----- Data extracts -----
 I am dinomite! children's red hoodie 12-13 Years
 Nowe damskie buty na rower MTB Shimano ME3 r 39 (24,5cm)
-----
----- Data extracts -----
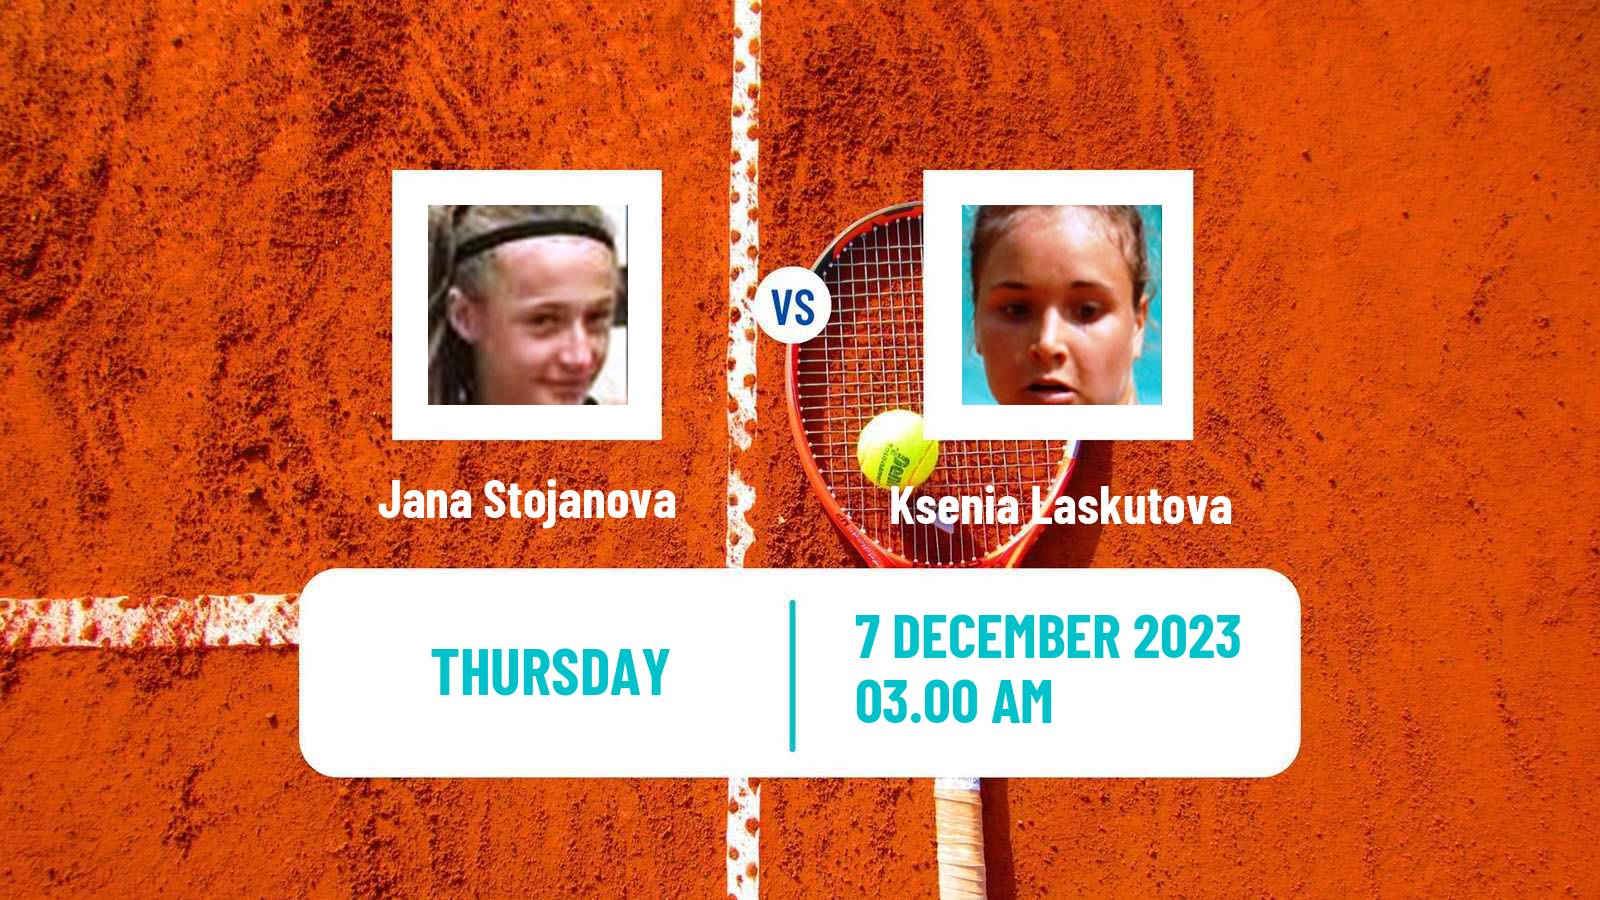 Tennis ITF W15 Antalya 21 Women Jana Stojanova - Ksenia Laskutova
-----
Exercise details:
Taking the entries above, write out exactly each line from the one holding "I am dinomite!" to the one holding "Nowe damskie buty", both included, and stop there.

Worked solution:
 I am dinomite! children's red hoodie 12-13 Years
 Nowe damskie buty na rower MTB Shimano ME3 r 39 (24,5cm)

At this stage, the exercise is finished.